El abordaje más eficaz es aquel que combina una rehabilitación temprana, intensiva y orientada a objetivos, sustentada en la monitorización sistemática de la evolución mediante métricas estandarizadas (HINE, AIMS, GMFM, Bayley-III/IV, PEDI-CAT, PEATC, DFA). Este modelo permite ajustar las estrategias terapéuticas en función del progreso y mantener un ciclo de evaluación–intervención–revaluación que favorece la neuroplasticidad y previene la cronificación de déficits.

El tratamiento debe ser multidimensional e integrador, abarcando los principales dominios del desarrollo:

  • Motor: entrenamiento activo centrado en tareas, fisioterapia orientada a la función, programas de intervención en el hogar y uso selectivo de ortesis y toxina botulínica para mejorar la alineación y la eficiencia del movimiento.
  • Deglución y comunicación: detección temprana de disfagia, intervención logopédica precoz, entrenamiento orofacial y programas de estimulación del lenguaje adaptados al nivel cognitivo.
  • Visión y audición: cribado sistemático, intervención visuoperceptiva y auditiva coordinada con logopedia y terapias sensoriales.
  • Control del tono y postura: estrategias combinadas farmacológicas, ortésicas y terapéuticas, orientadas a la participación y la autonomía.

 

El componente familiar es el eje vertebrador del proceso. La formación y el acompañamiento de los cuidadores permiten trasladar la intervención al entorno doméstico, incrementando la dosis diaria de estimulación y reforzando la continuidad del aprendizaje.
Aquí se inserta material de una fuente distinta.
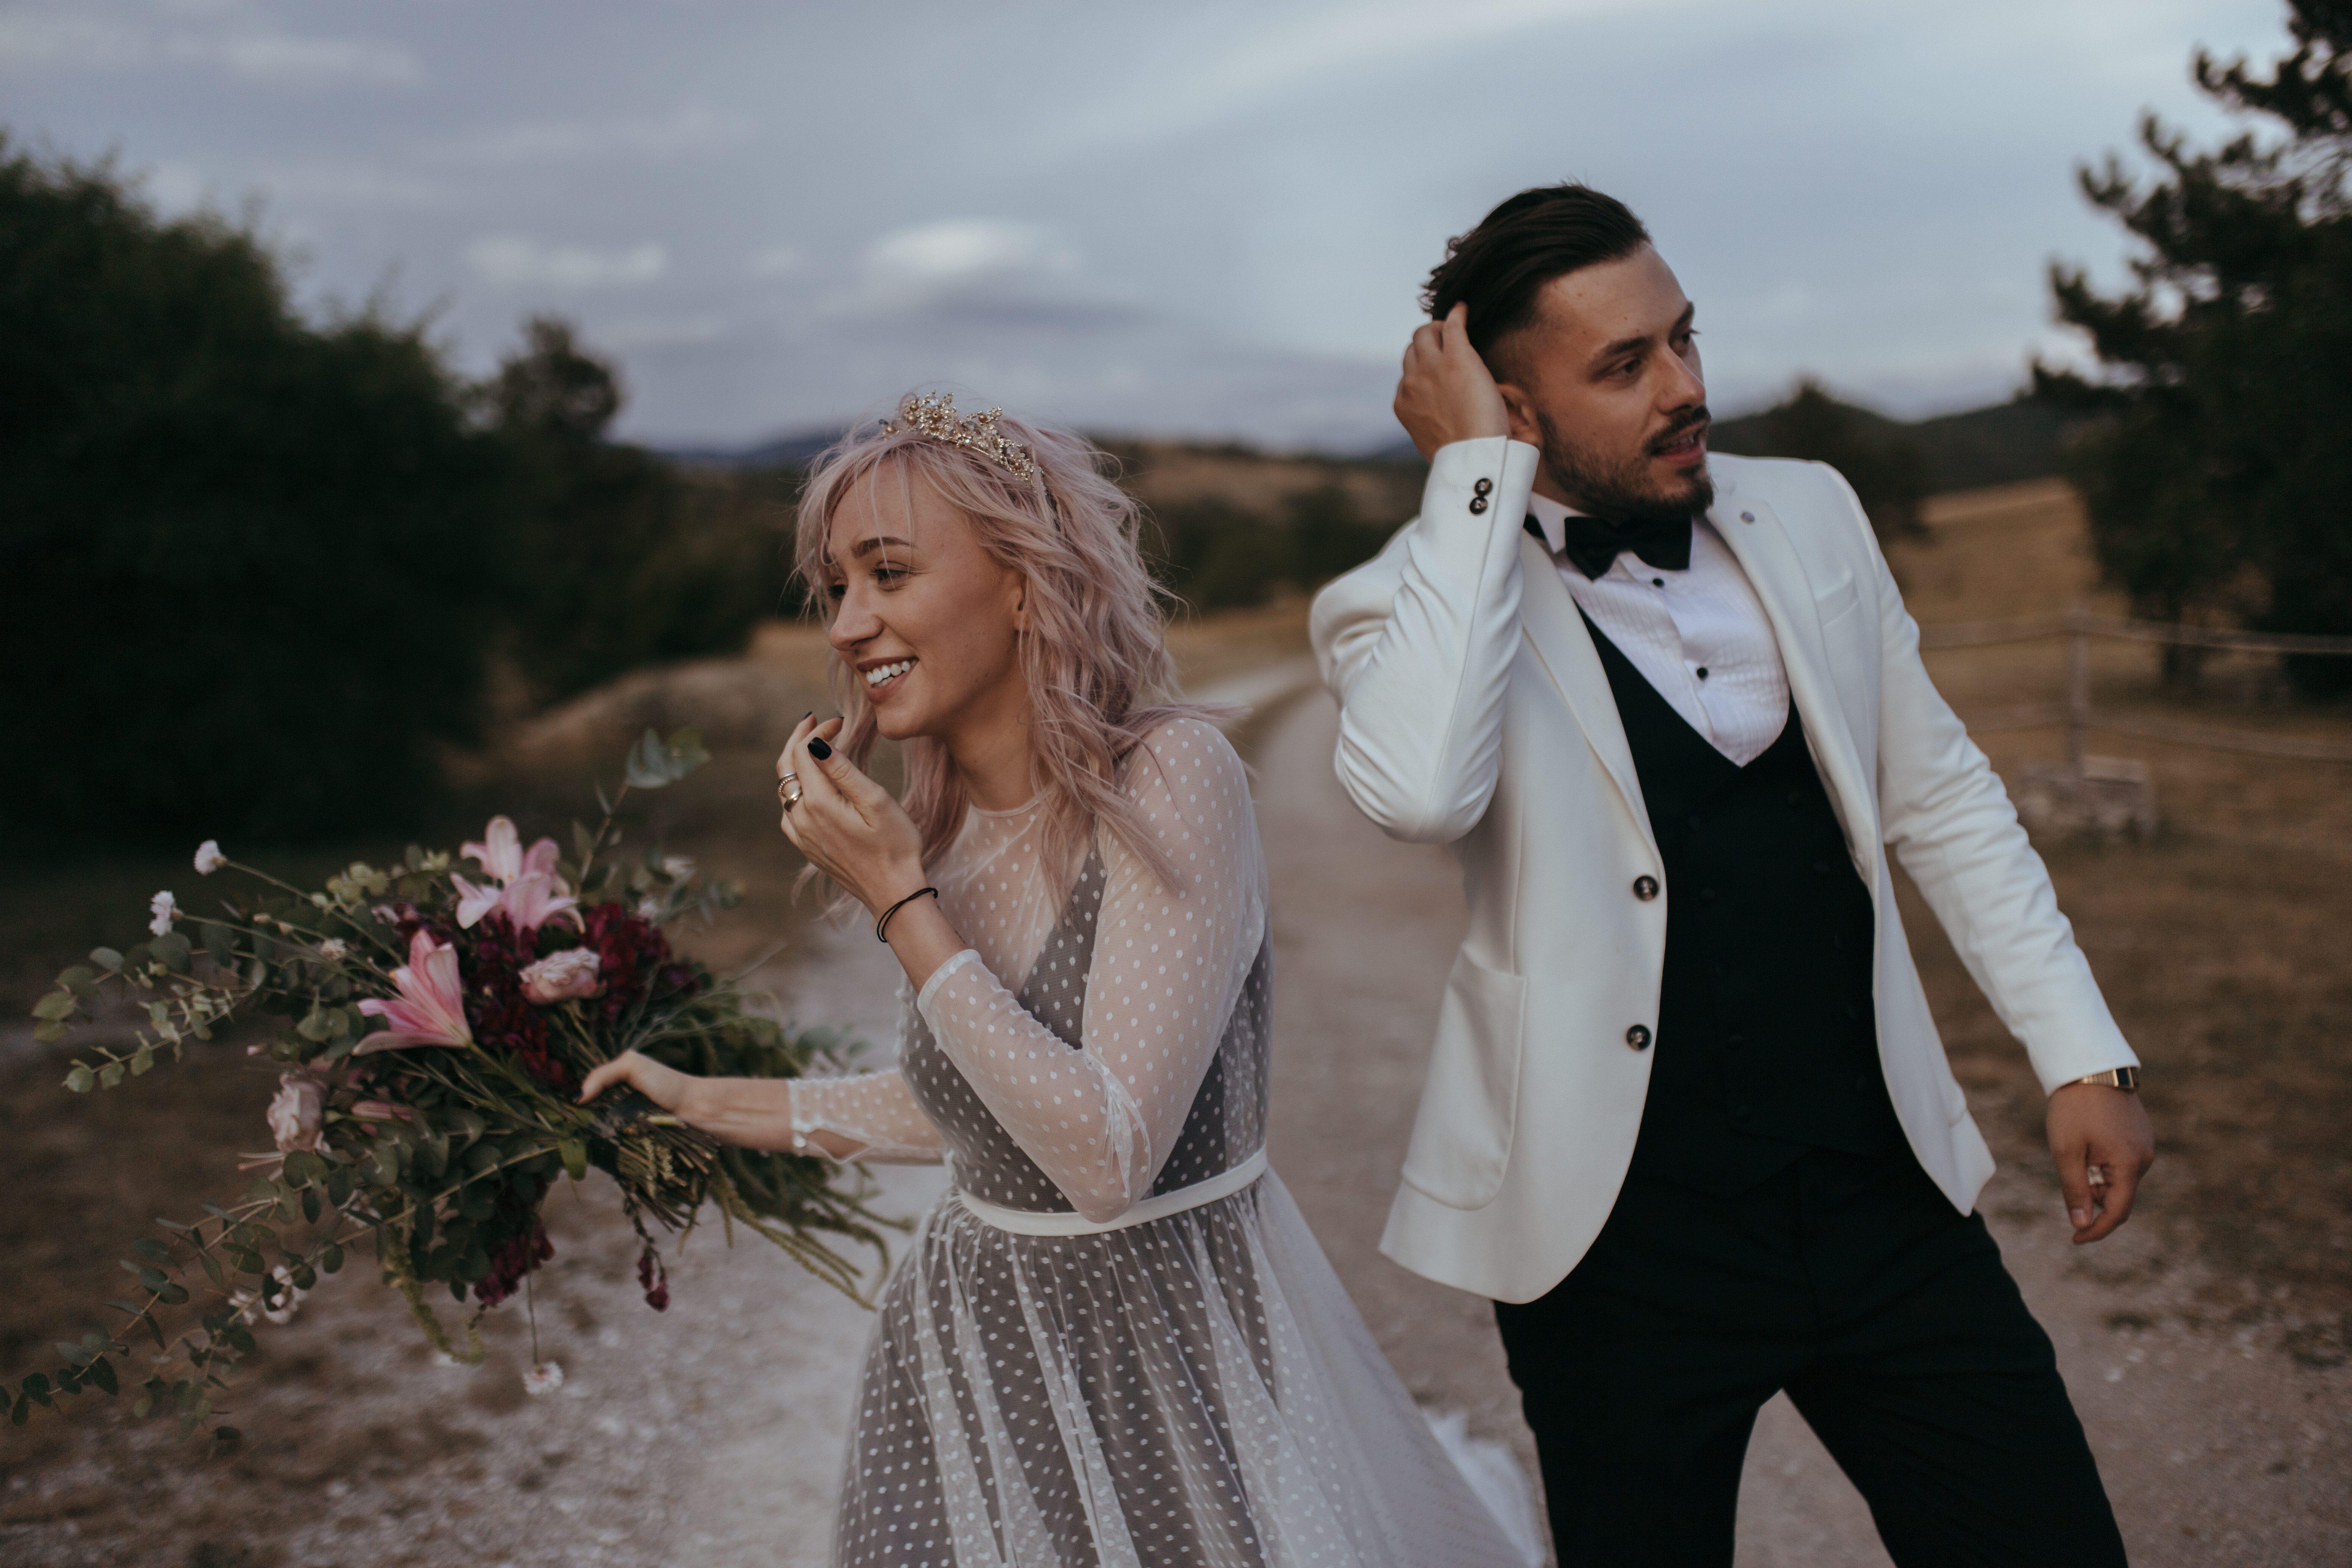 Slavonci Iva i Ivan bajkovito vjenčanje organizirali su u štali: 'Danas se više ništa ne mora raditi po nekakvim pravilima'
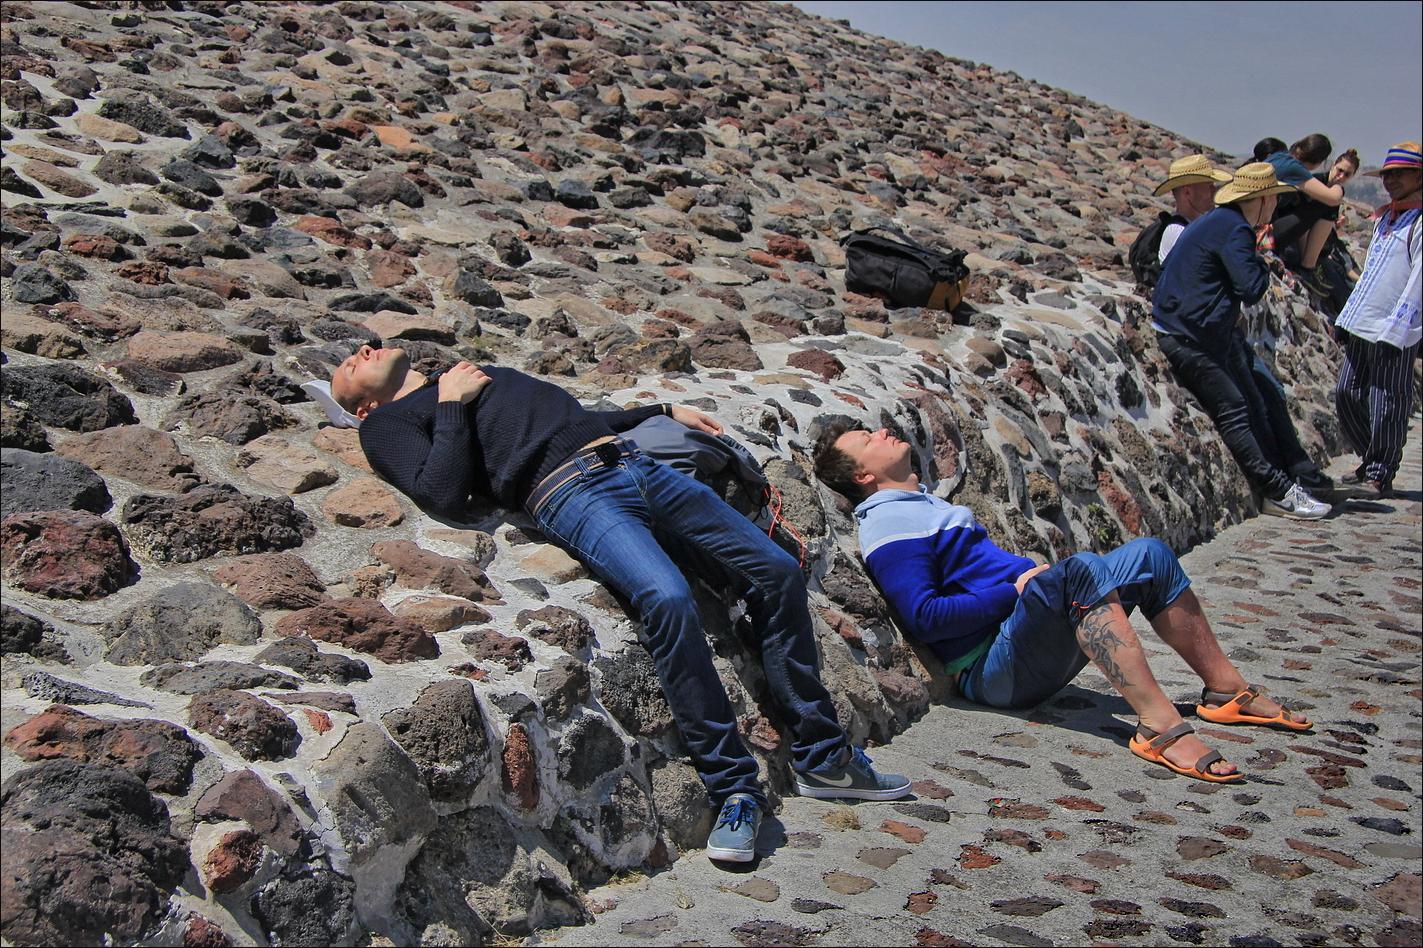 http://ic.pics.livejournal.com/tkova/77245371/215390/215390_original.jpg

Los programas parent-delivered y los modelos de coaching parental no sólo mejoran los resultados motores y comunicativos, sino que también fortalecen el vínculo afectivo y reducen la carga emocional asociada al cuidado.

En el futuro, los esfuerzos deben centrarse en desarrollar protocolos específicos para la población post-hipotermia, dado que la mayoría de las guías actuales derivan de la experiencia en parálisis cerebral de otras etiologías. Se requieren estudios longitudinales y ensayos controlados que determinen la dosis óptima, el momento ideal de inicio y la combinación más efectiva de terapias. Asimismo, la integración de nuevas tecnologías, robótica, estimulación eléctrica funcional, neuromodulación no invasiva o tele-rehabilitación, deberá evaluarse en términos de coste-efectividad, seguridad y accesibilidad.

La rehabilitación poshipotermia no debe entenderse como un conjunto de técnicas aisladas, sino como un proceso dinámico, interdisciplinario y centrado en el niño y su familia. Su propósito último es transformar la neuroprotección aguda en neurorecuperación funcional sostenida, garantizando que los logros obtenidos en la supervivencia se traduzcan en participación, autonomía y bienestar a largo plazo.

En resumen, la clave del éxito radica en actuar precozmente, con intensidad, precisión y acompañamiento familiar, integrando todos los dominios funcionales y fomentando una investigación rigurosa que consolide un marco de rehabilitación basado en la evidencia para los supervivientes de EHI tratados con hipotermia.